The data is generated using the huge R package (Jiang et al. (2020)), as it includes functionality for generating data from a Gaussian graphical model. The networks we generate are scale-free, which is a known trait in many real-life networks such as genomic networks (Kolaczyk (2009)).

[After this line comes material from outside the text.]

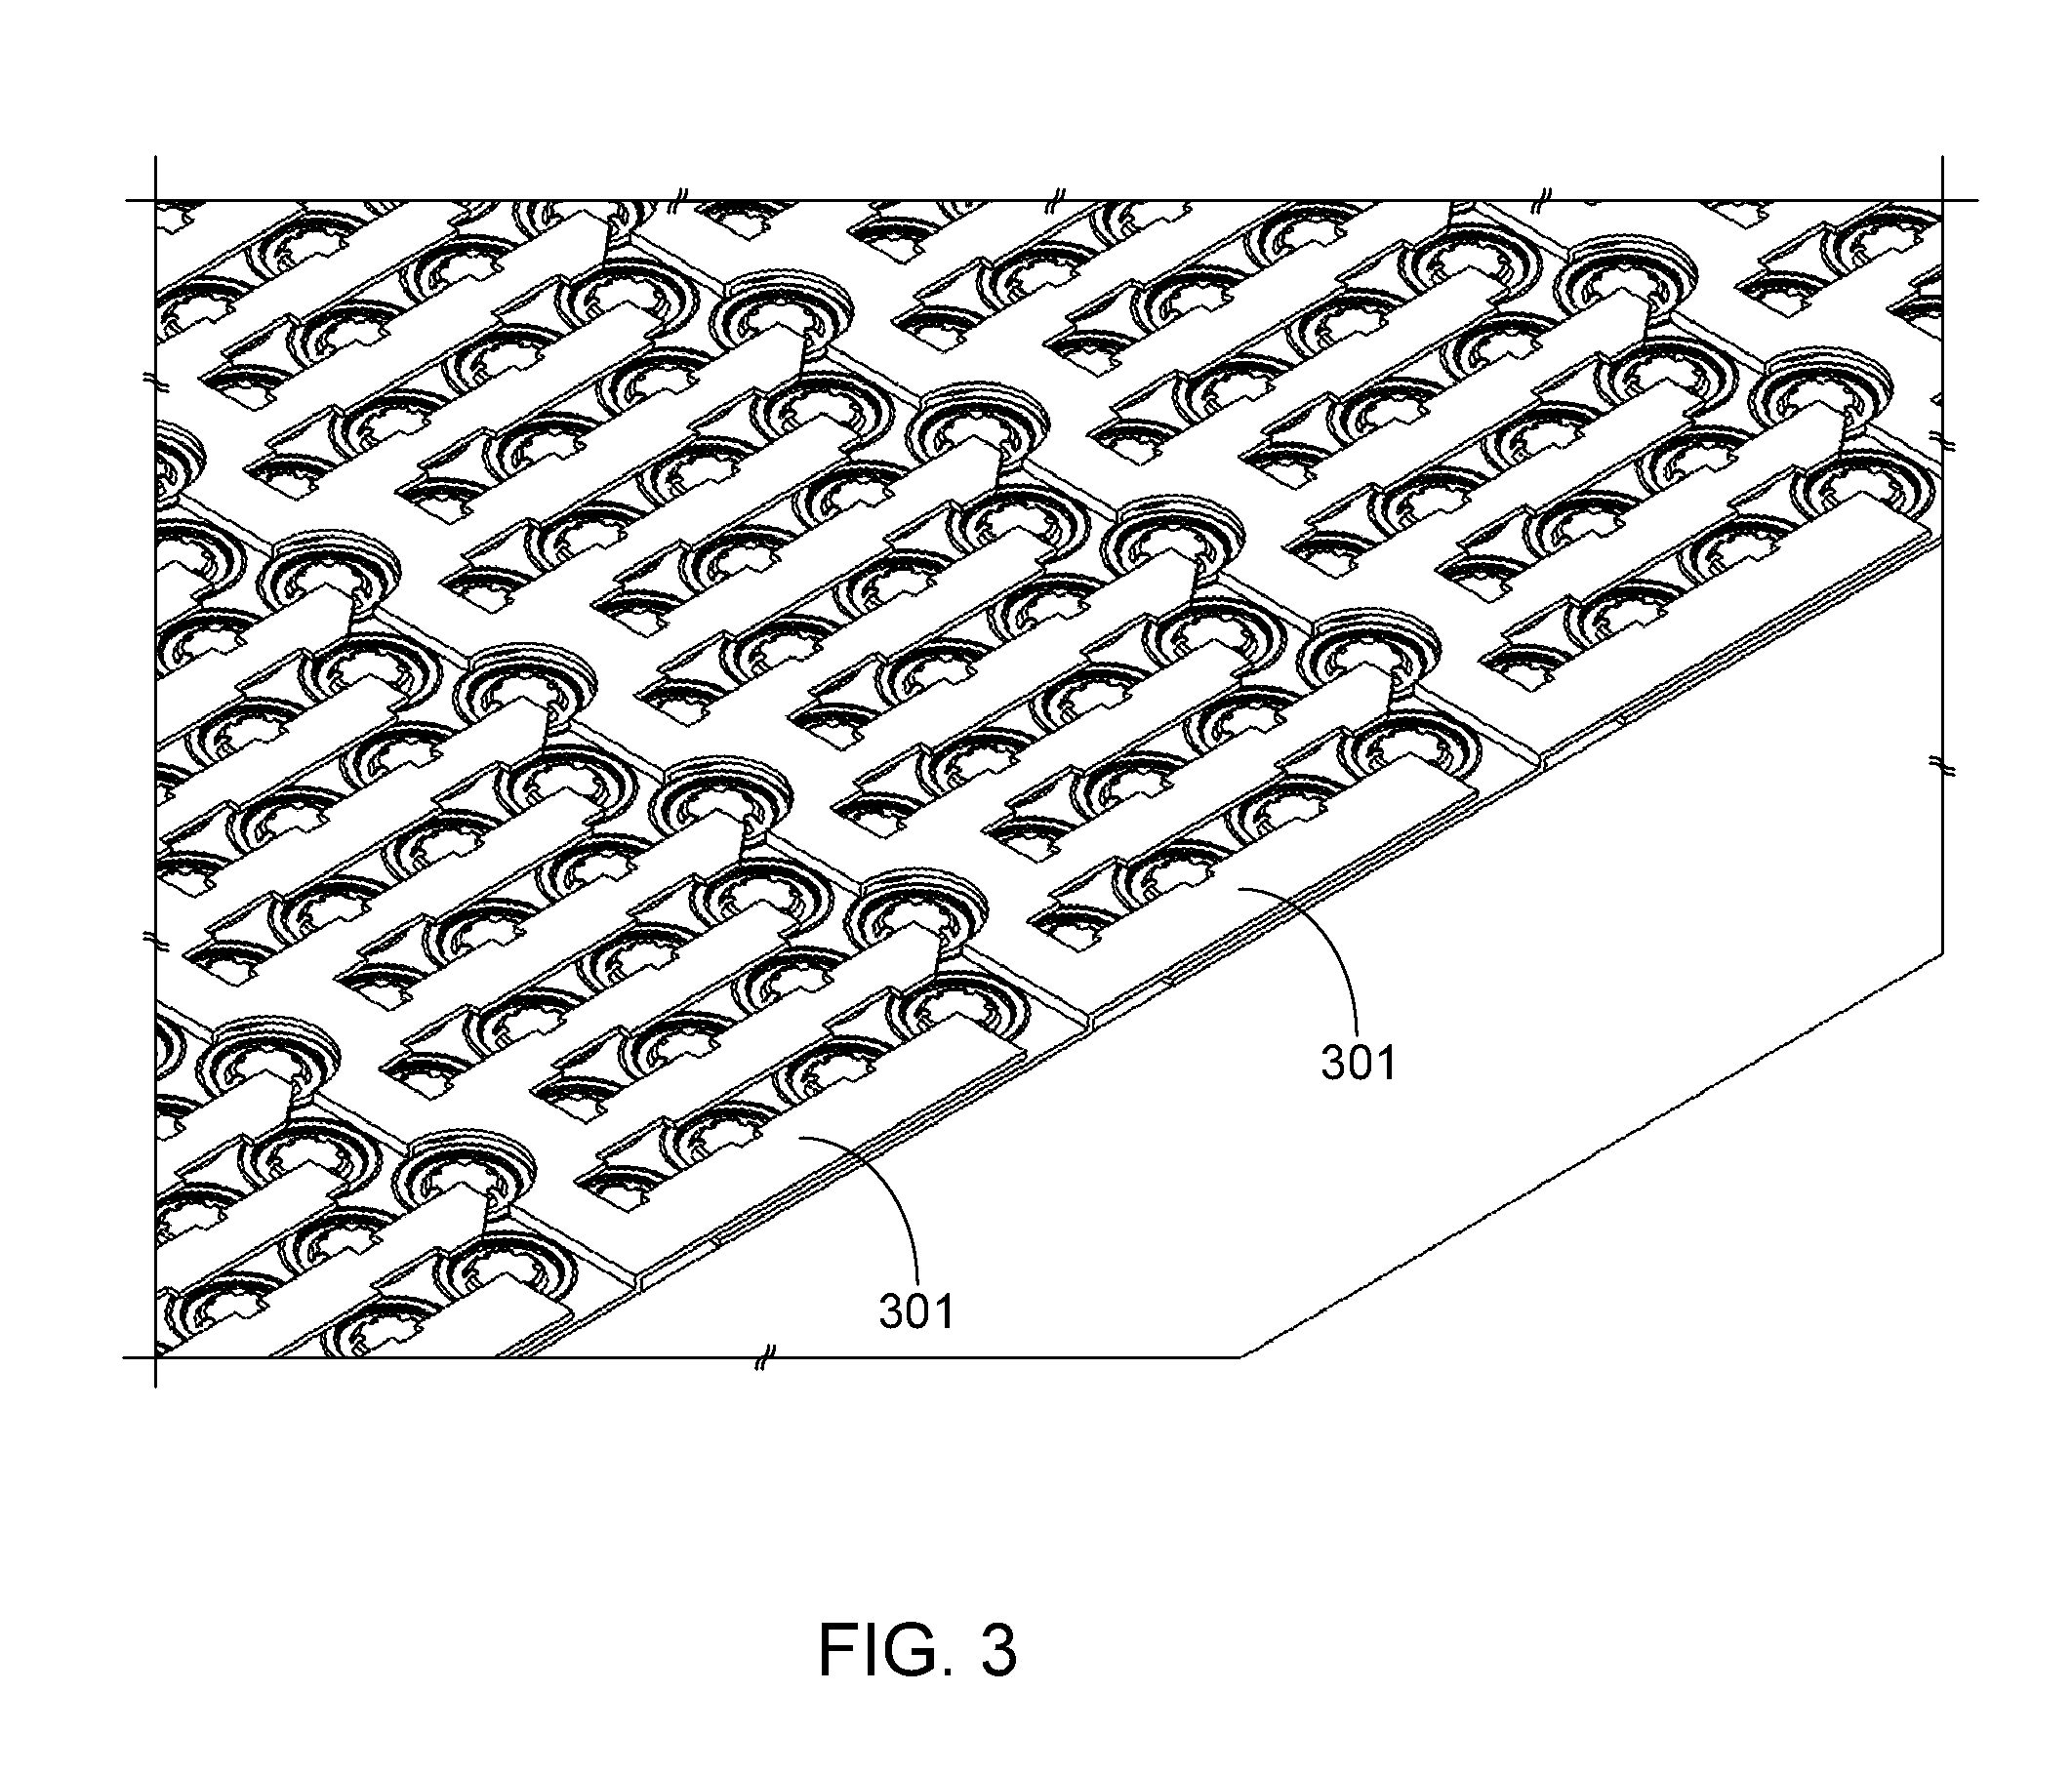 Battery Assembly with Linear Bus Bar Configuration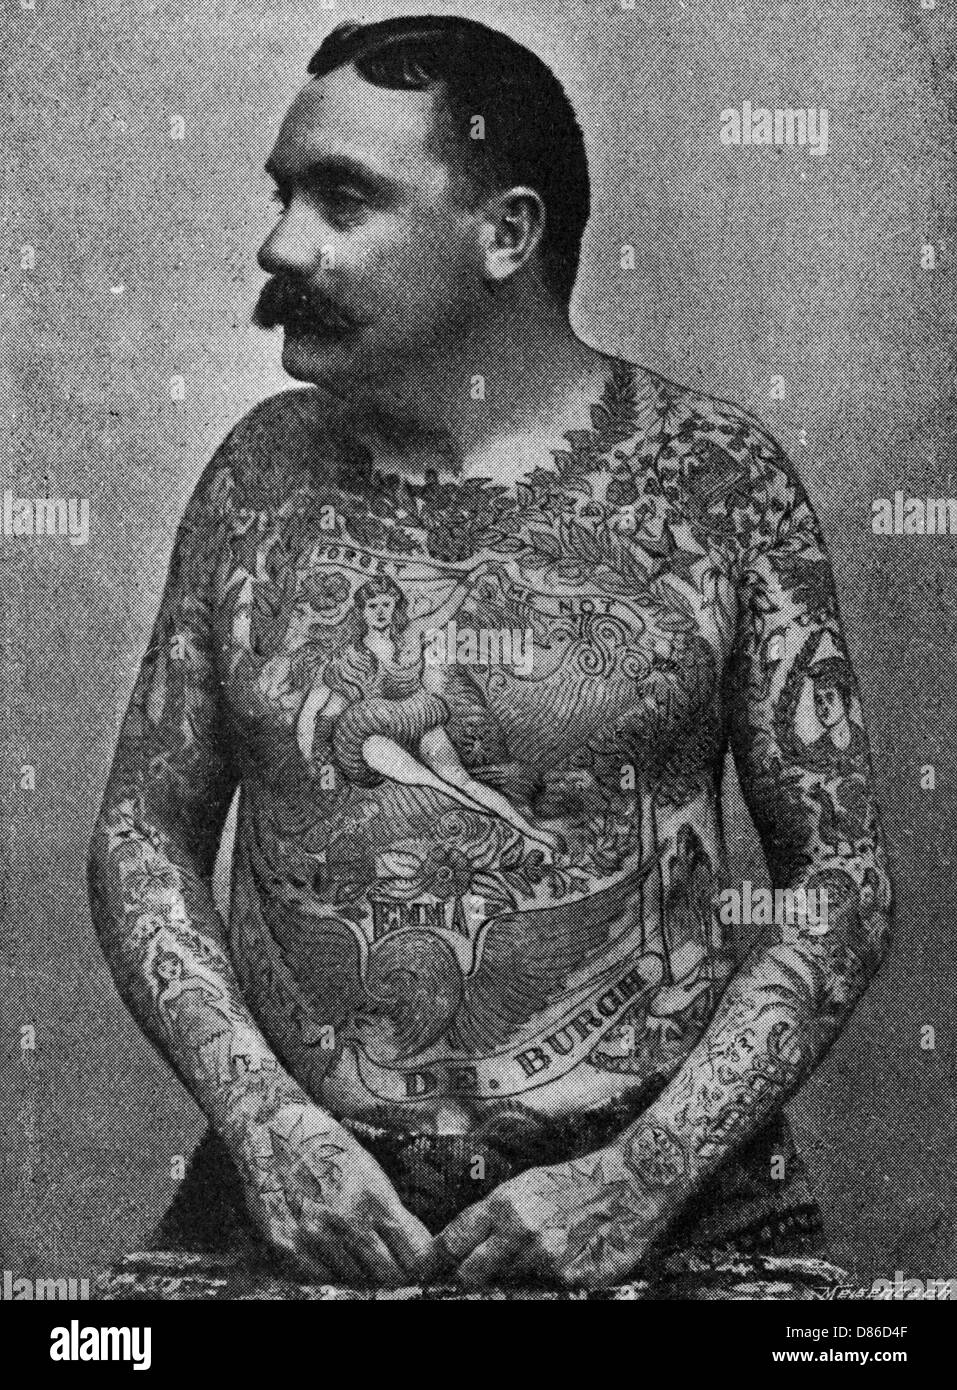 10 Facts About Tattoos You May Not Know

#  scale-free data where prior weight matrix is highly informative for the data of interest.
set.seed(123)
n <- 80
p <- 100
# use huge to generate data.
dat <- huge::huge.generator(n = n, d = p, graph = "scale-free", verbose = F)
prec.mat <- dat$omega # true precision matrix
prior.mat <- abs(cov2cor(prec.mat)) # the prior weights are the absolute values of the true partial correlations, thus very informative.
# perform the tailored graphical lasso
res <- tailoredGlasso(dat$data, prior.mat, scale = T, verbose = F)
res$k.opt # k is chosen very large
#> [1] 99
adj.mat <- res$theta.opt != 0 # the adjacency matrix of the corresponding graph
precision(abs(prec.mat) > 1e-7, adj.mat) # high precision considering the high-dimensionality of the problem.
#> [1] 0.5625

# scale-free data where prior weight matrix is completely uninformative for the data of interest.
set.seed(123)
n <- 80
p <- 100
dat <- huge::huge.generator(n = n, d = p, graph = "scale-free", verbose = F)
dat.prior <- huge::huge.generator(n = n, d = p, graph = "scale-free", verbose = F)
prec.mat.prior <- dat.prior$omega # true precision matrix
prior.mat <- abs(cov2cor(prec.mat.prior)) # the prior weights are the absolute values of completely unrelated partial correlations, thus completely uninformative.
res <- tailoredGlasso(dat$data, prior.mat, scale = T, verbose = F)
res$k.opt # very small k is chosen
#> [1] 0.23
adj.mat <- res$theta.opt != 0 # the adjacency matrix of the corresponding graph
precision(abs(dat$omega) > 1e-7, adj.mat) # lower precision as prior matrix did not provide any additional information.
#> [1] 0.2857143

The resulting tailored graphical lasso graph can be visualised with functions from the network and ggnet2 libraries.

set.seed(1234)
net <- network::network(adj.mat)
GGally::ggnet2(net, alpha = 0.9, mode = "fruchtermanreingold", color = "deepskyblue2")
#> Registered S3 method overwritten by 'GGally':
#>   method from   
#>   +.gg   ggplot2

Contribution

All feedback and suggestions are very welcome. If you have any questions or comments, feel free to open an issue here.

References

Friedman, Jerome, Trevor Hastie, and Robert Tibshirani. 2008. “Sparse Inverse Covariance Estimation with the Graphical Lasso.” Biostatistics 9: 432–41. doi:10.1093/biostatistics/kxm045.

Jiang, Haoming, Xinyu Fei, Han Liu, Kathryn Roeder, John Lafferty, Larry Wasserman, Xingguo Li, and Tuo Zhao. 2020. Huge: High-Dimensional Undirected Graph Estimation. https://CRAN.R-project.org/package=huge.

Kolaczyk, Eric D. 2009. Statistical Analysis of Network Data: Methods and Models. New York, NY: Springer Science & Business Media.

Li, Yupeng, and Scott A. Jackson. 2015. “Gene Network Reconstruction by Integration of Prior Biological Knowledge.” G3: Genes, Genomes, Genetics 5: 1075–9. doi:10.1534/g3.115.018127.